Re: [boost] [MultiIndex] Random Access mental model?

31 Oct 2008

      on Fri Oct 31 2008, Joaquin M Lopez Munoz <joaquin-AT-tid.es> wrote:
...
David Abrahams <dave <at> boostpro.com> writes:
...
Hi,
Hi Dave, allow me to address this post of yours first and defer
the answer to the others you've send on Boost.MultiIndex, as
those will need more elaboration.
Thanks.  This is the most important one.
...
...
I'm trying to get a grip on what it means when I have a random access
index in a multi_index_container.  I have no mental model for what data
structure you're actually creating, which makes it difficult to evaluate
multi-index vs. hand-rolling my own container.
If I was doing this myself, I'd use a combination of these two:
hash_map<key, value>
   deque<hash_map<key, value>::pointer>
because I need to maintain an LRU cache of what has been put in the map
(i.e.

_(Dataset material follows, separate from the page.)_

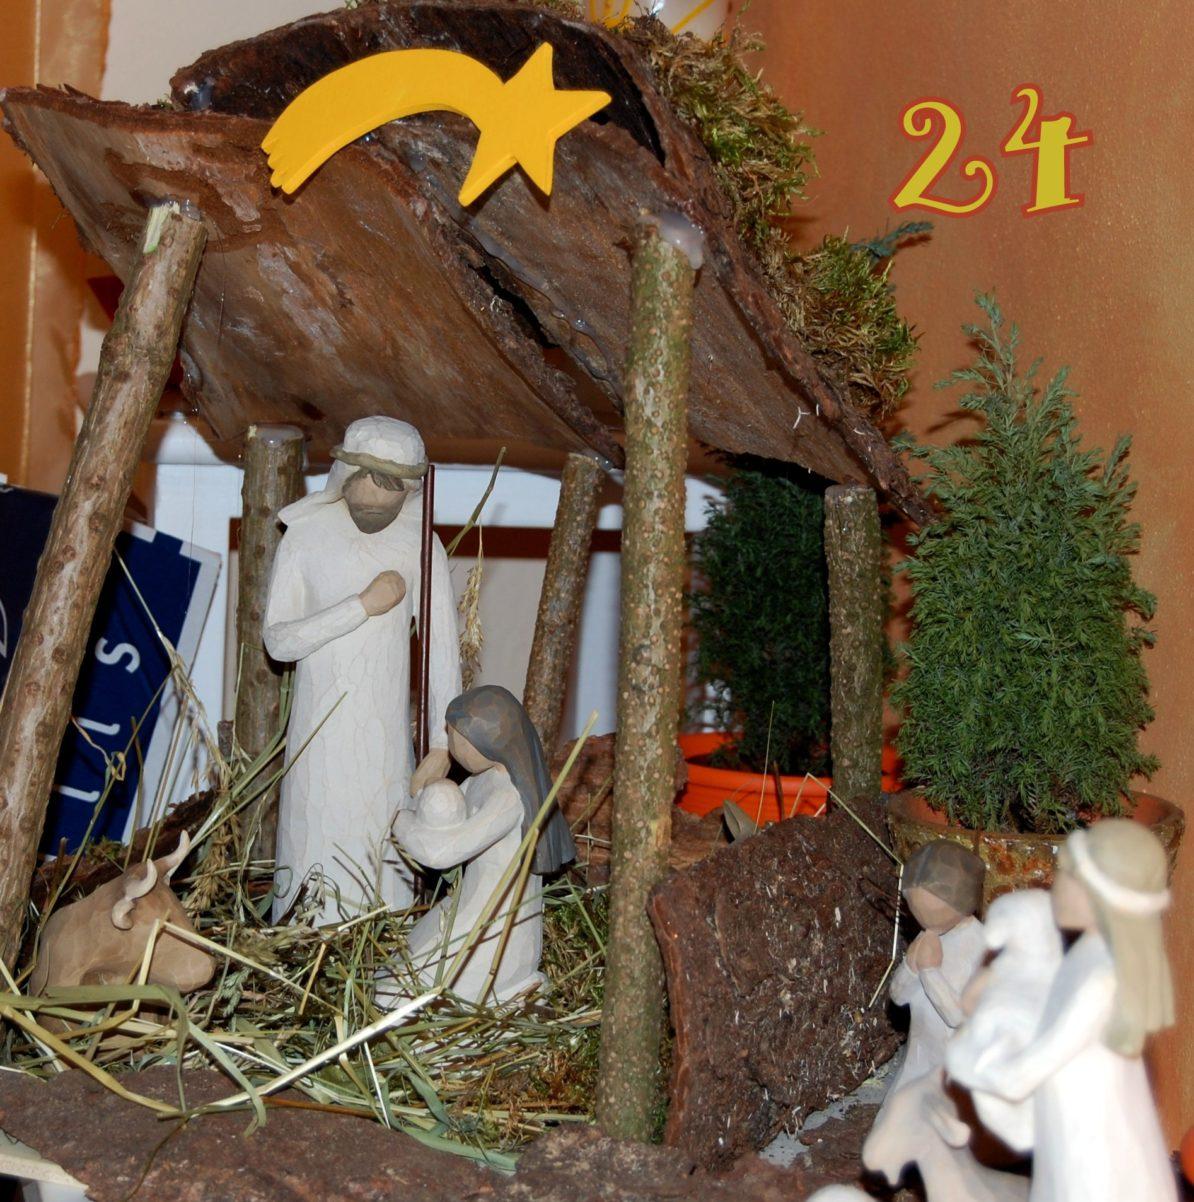 24. Dezember - Adventskalender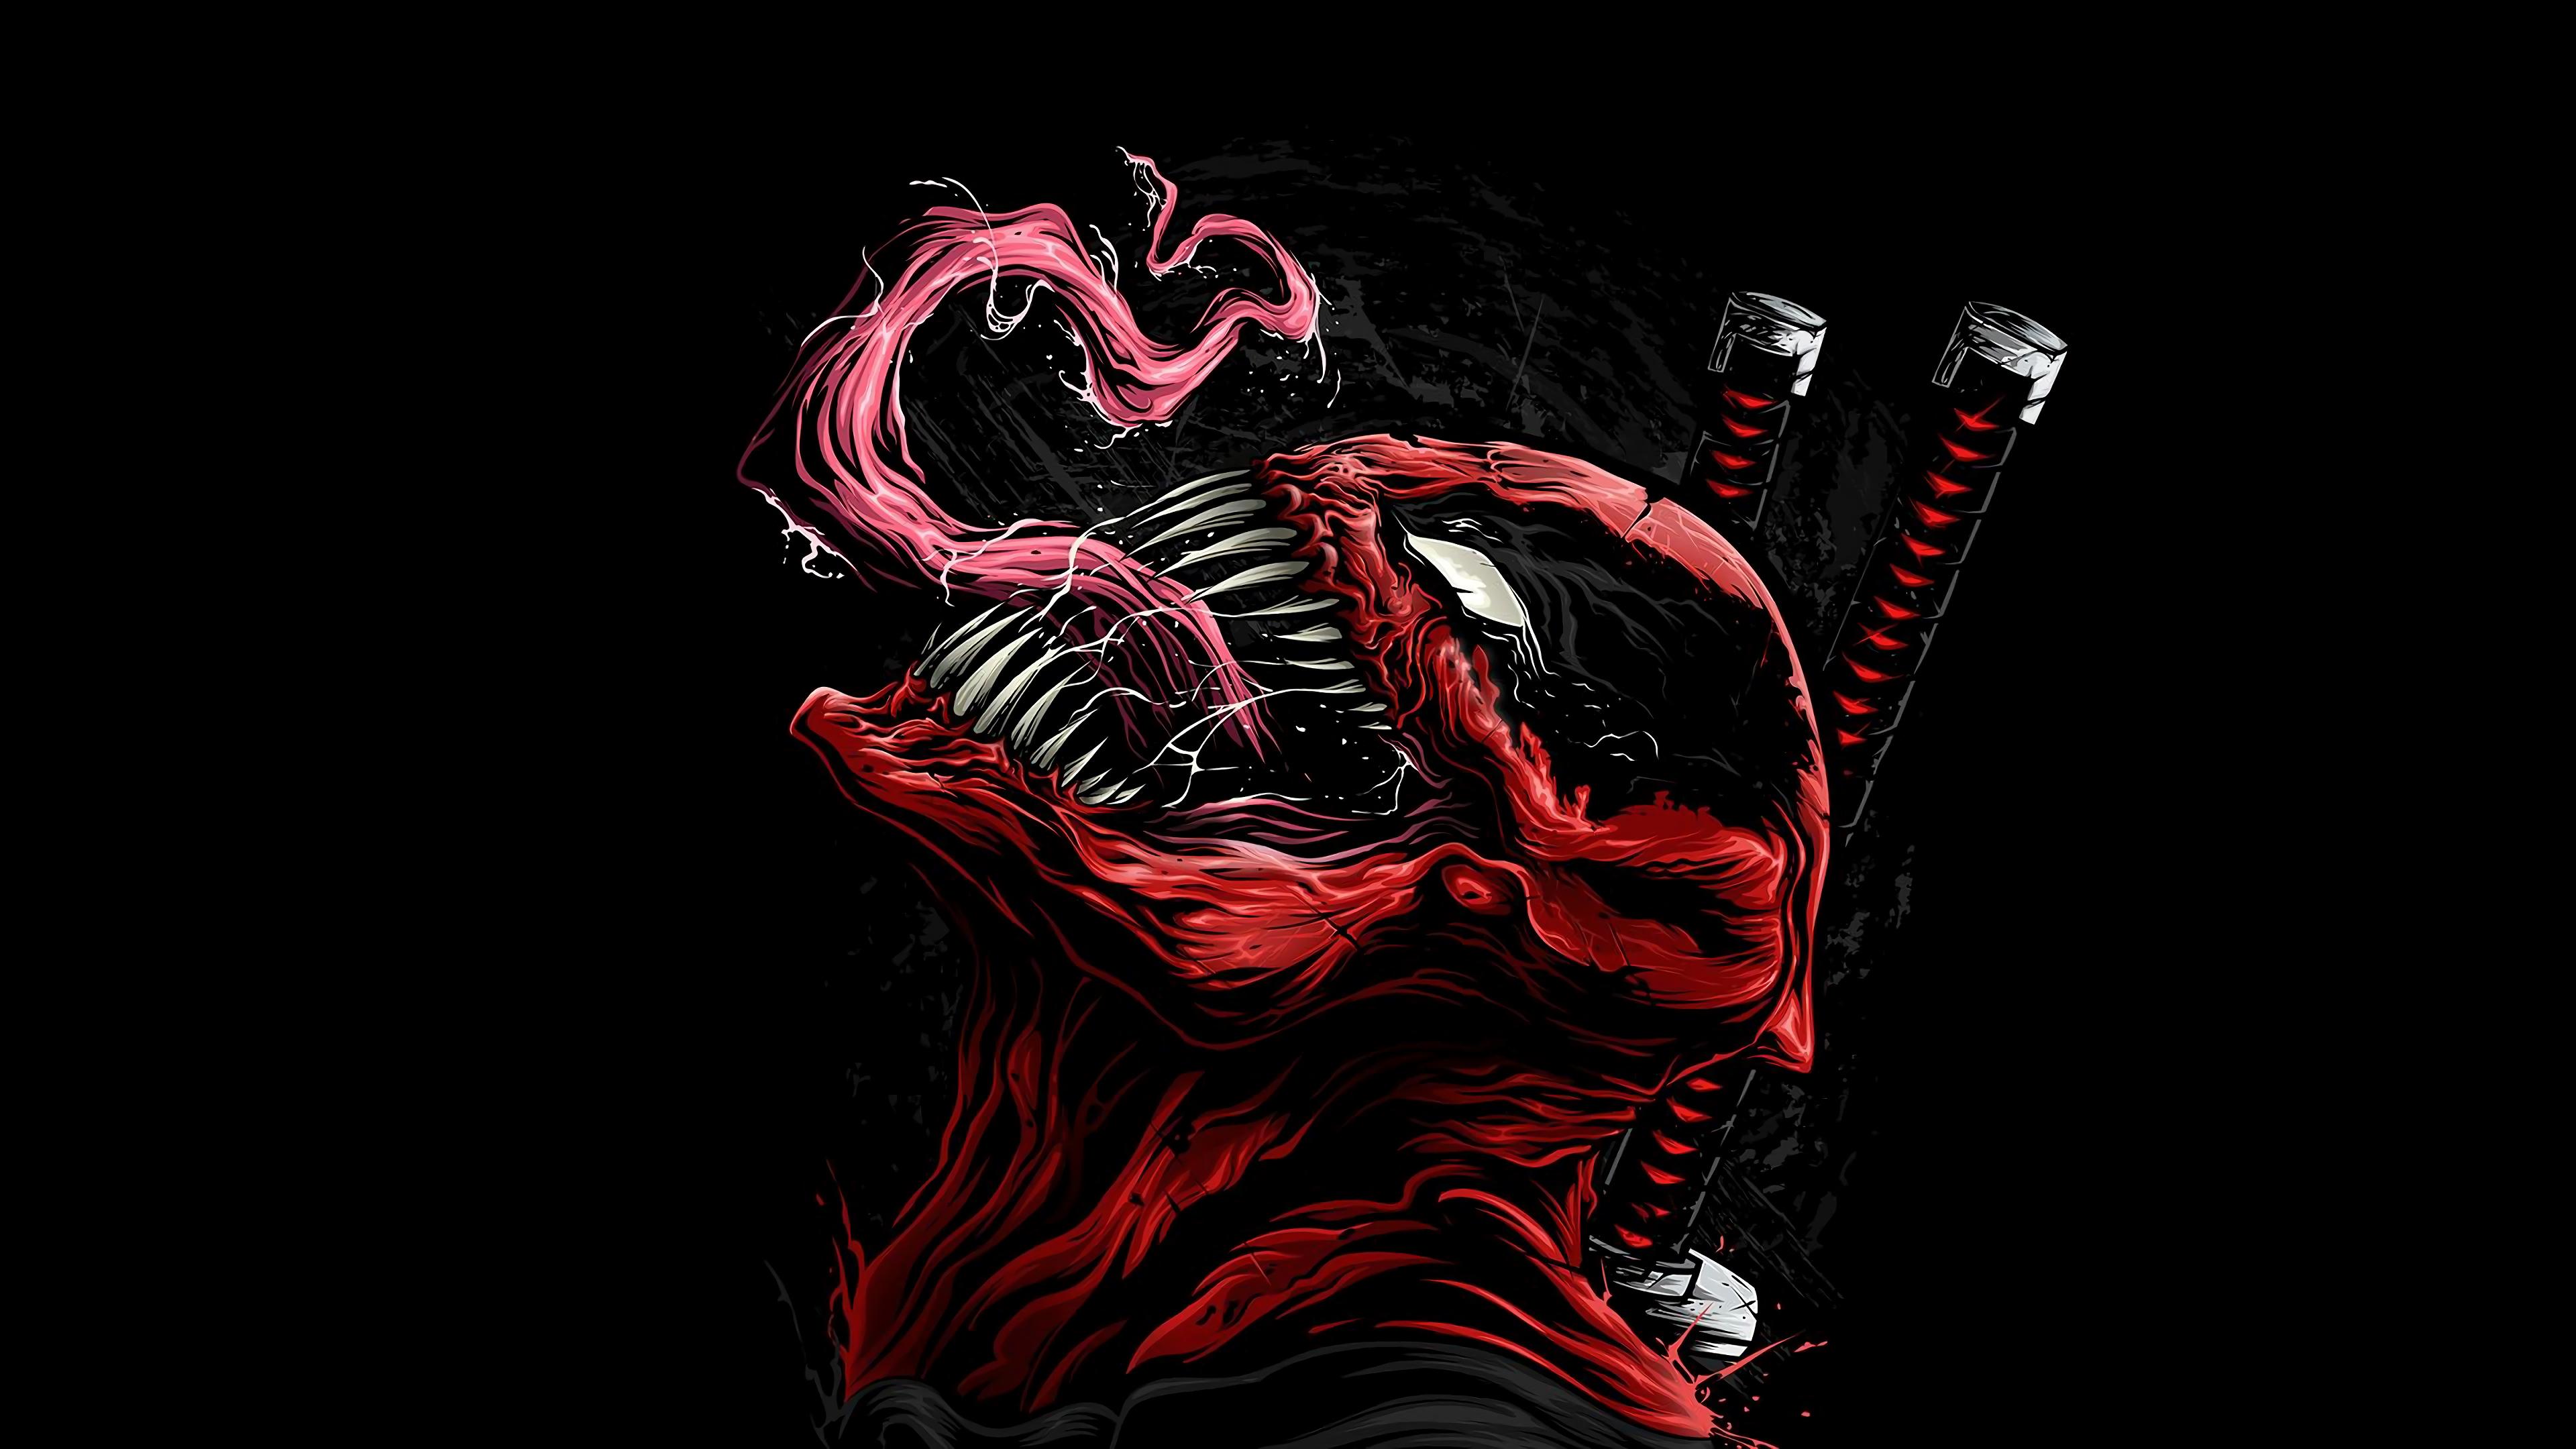 deadpool venom marvel comics 4k wallpaper 1544830303 - Deadpool Venom Marvel Comics 4K Wallpaper - venom, Marvel Comics, Deadpool, Comics

I need O(1) push_back and pop_front). MultiIndex only lets me use
sequenced<> which it implies essentially has the properties of
list<hash_map<key, value>::iterator>... although I can imagine you could
save a lot by using the same nodes for the hash_map and the list.  Do
you do that?
Yep, this is done. Only one node per element is allocated. This is
true regardless of the indices used, including random
access indices. If you want to visualize this, each element node
has as many node headers as indices are, each one stacked on top
of the next.
I think random access shouldn't need to add a node header unless you
want to do something like look up a key in the hash index and delete
that element.  Maybe a feature-model interface would be a more powerful
way to approach this space, so we don't have to pay for what we don't
use.
...
Some indices (namely, hashed and random access) use additional data
structures external to the nodes themselves (this is obvious in the
case of hashed indices, as they are entirely similar to
unordered_set).
Yes, and I expect random access indices to do the same.
...
...
Regardless, I could still save roughly one pointer per node with my
deque.  I'd think about trying to modify MultiIndex to let it do random
access with deques, but I can't make head or tail of the implementation
code used for random access.
The data structure of a random access index is basically the
same as depicted for a little container I call stable_vector:
http://bannalia.blogspot.com/2008/08/stable-vectors.html
That's what I figured... although the back-pointers are only needed if
you need to delete and you can't get ahold of an iterator into the
vector -- the same case I mentioned above.
...
So, each element is stored in its own node (as is been already
said) and there is an additionally internal vector of pointers
that keeps the elements together while providing O(1)
access. The up-pointers described in the aforementioned article
are necessary to provide stable iterators.
The overhead of a random access index is one pointer per
node (the up-pointer) plus the size of the internal pointer
vector. Some figures are calculated at:
http://bannalia.blogspot.com/2008/09/introducing-stablevector.html
The deque-based structure you propose would save, as you
say, roughly one pointer per node with respect to sequenced
indices and also with respect to random access indices,
which have the up-pointer your proposed data structure lacks,
while on the other hand it requires an extra pointer as the deque
stores pointers while multi_index_containers enjoy the header
stacking property referred to above.
So, roughly speaking, things are even.
Sorry, I don't see it.  Since I need O(1) pop-front I am using
sequenced<> which IIUC is a doubly-linked list.  Therefore your nodes
have this overhead:

  next-in-list, prev-in-list, and next-in-hash-bucket = 3 pointers

and mine have only next-in-hash-bucket.  Add one pointer of overhead in
the deque and I am storing 2 pointers.
...
On the other hand, this up-pointer is essential to ensure
iterator stability and iterator projection, which are features
that currently the lib take for granted for all the different
index types available.
In my application, the ability to erase nodes through hash iterators
doesn't matter, but the per-node storage cost does.
...
...
Could someone clarify what's going on in there?
Hope the answer helped clarify the issue. Please come back otherwise.
Except for the fact that we are coming up with different numbers for
the data structure overhead, yeah.

Thanks,

--
Dave Abrahams
BoostPro Computing
http://www.boostpro.com